Enhancing the Training Experience

When it comes to training for urban warfare, the more real it gets, the better.

The SAF’s existing urban training facilities that comprise low-level buildings will be making way for a fresh facility replicating Singapore’s highly urbanised streetscapes to bring training to an all-new level.

Scheduled to be operationalised progressively from 2024, SAFTI City will serve the SAF’s training needs for a wide spectrum of operations, ranging from conventional warfare, peacetime contingency operations, to homeland security, counter-terrorism and urban operations.

Engineering - STSH - Enhancing the Training Experience 01
Photo: MINDEF
Click to expand

For this massive undertaking, our multidisciplinary team of engineers defined six principal considerations to guide its design and development: effective in fulfilling training objectives; efficient with high training throughput; safe by design; engaging with interactive targetry and realistic battlefield effects; evolvable to adapt to different scenarios and future training needs; and sustainability.

During the project’s development phase, the team leveraged technologies such as 3D modelling to engage the stakeholders to design and refine training scenarios, to ensure that the final product would truly meet their needs.

To make training more engaging, they also incorporated several smart training and simulation technologies. This included interactive and unmanned targetry with shoot-back capabilities, battlefield effects such as smoke and blast simulators, as well as battlefield instrumentations to track the troops’ real-time actions.

“In SAFTI City, we leverage unmanned technology to develop smart robotic enemies that would ‘fight back’, which challenges our soldiers to think and fight harder. Paired with special effects systems, we are able to replicate battlefield scenarios, thus providing an immersive yet safe training experience for our soldiers, and enhancing the way the Army trains,” said Programme Manager (Simulation & Training Systems Hub (STSH)) Lee Shinhan.


In addition, training performance is tracked by a data analytics system that provides accurate feedback. The team developed specialised software applications to enable the Army to review data, including statistics and video footage, so they can analyse exercises and debrief troops better for an improved learning experience.

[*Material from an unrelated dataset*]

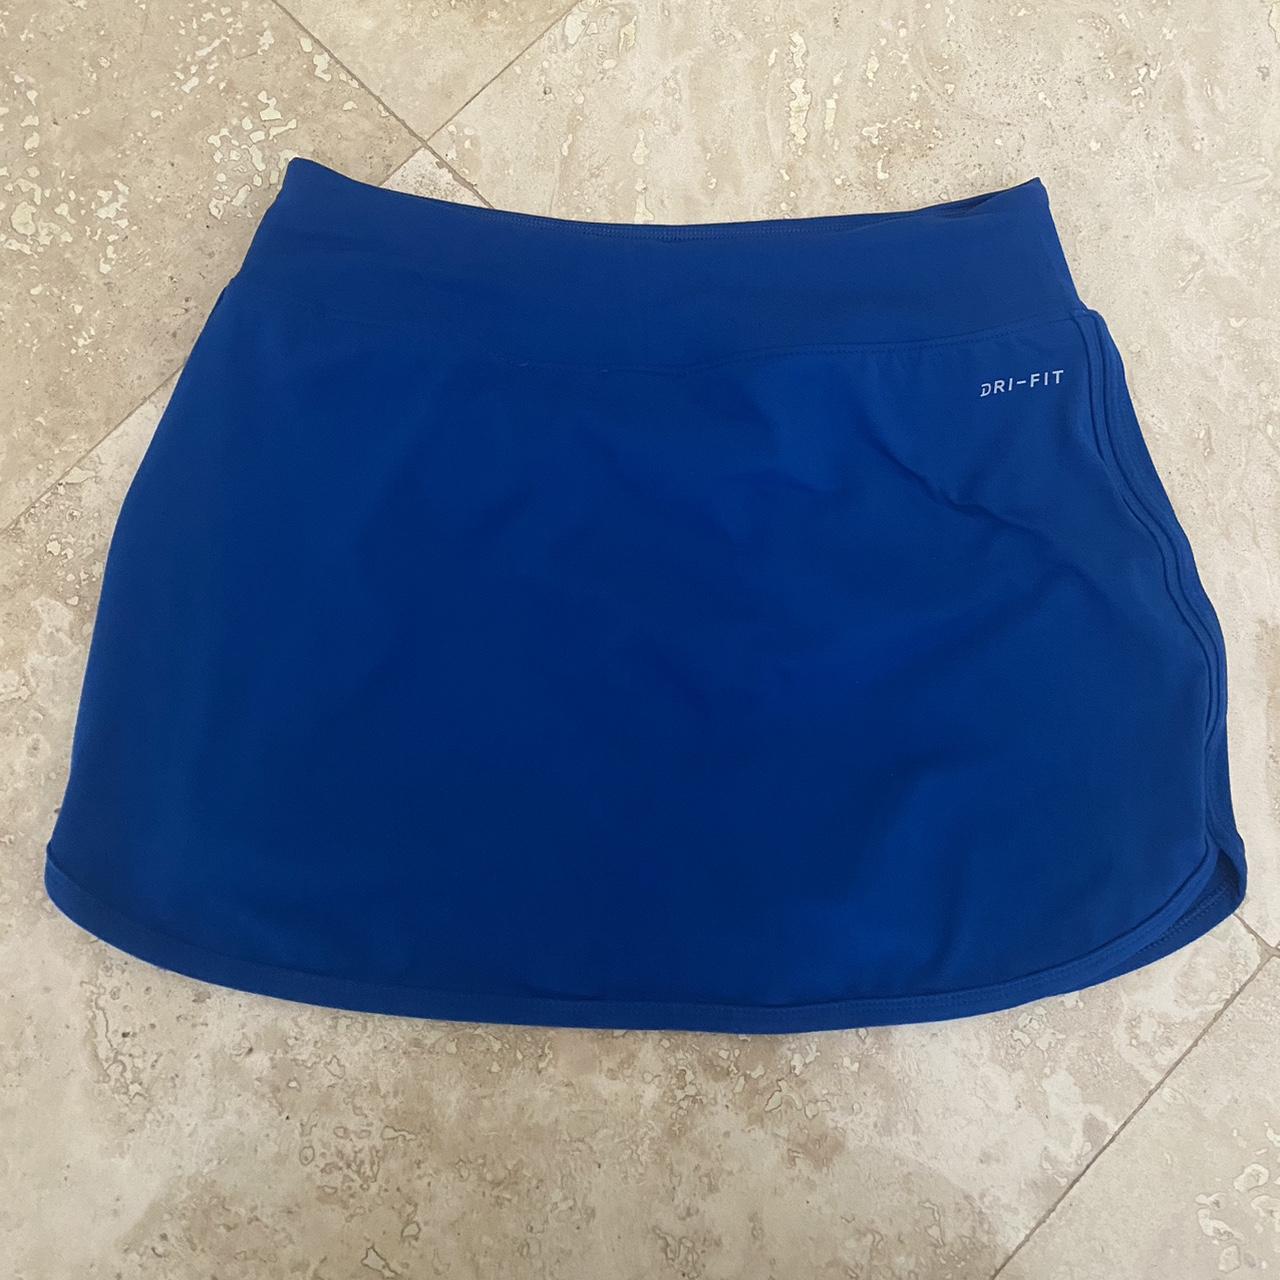 Royal Blue Nike Dri-Fit Mini Tennis Skirt •Cutest... - Depop

All of these can be controlled and monitored centrally by the Exercise Control System – the ‘heart’ of the training systems – which is connected to the various soldier and building instrumentation, targetry and battlefield effects. This provides control and allows for the collection of various types of information from multiple sources for analysis, allowing rich data visualisation for debriefing and monitoring purposes.

SAFTI City will also feature configurable buildings and changeable road networks to ensure varied and challenging scenarios that allow soldiers to train in a wide range of operations. Built-in swing panels allow traffic flow and buildings to be configured for different training needs. There will also be false facades to augment real buildings to replicate a dense urban environment.

For the team, realising the vision for this first-of-its-kind facility required an immense amount of determination.

With their goal of enabling SAFTI City to serve the training needs of a wide spectrum of operations and be used by different Army Formations, they tapped the expertise of team members from across different DSTA Programme Centres. They also collaborated with the Army very closely, making sure to elicit their training needs and design creatively for diverse scenarios in a single city.

“This city has reconfigurable building sizes and road networks which can be changed to meet training requirements. For training realism, we incorporated technology to bring the battlefield situation to life by using targetry with shoot-back capabilities, battlefield effects such as sound, smoke and blast simulators. The data captured from the movement of troops, their actions and responses to engagement encounters, all form a rich picture for training review to improve troop performance. SAFTI City developments are multi-faceted, with interdependencies of parallel developments with local and multi-national contractors coming together,” said Senior Programme Manager Programme Office (STSH) Beatrice Kwan.

SAFTI City is poised to become the next gen smart training facility. Speaking at the groundbreaking ceremony in June 2019, Minister for Defence Dr Ng Eng Hen said: “When completed, SAFTI City promises to be among the most advanced purpose-built military training facility for urban ops in the world.”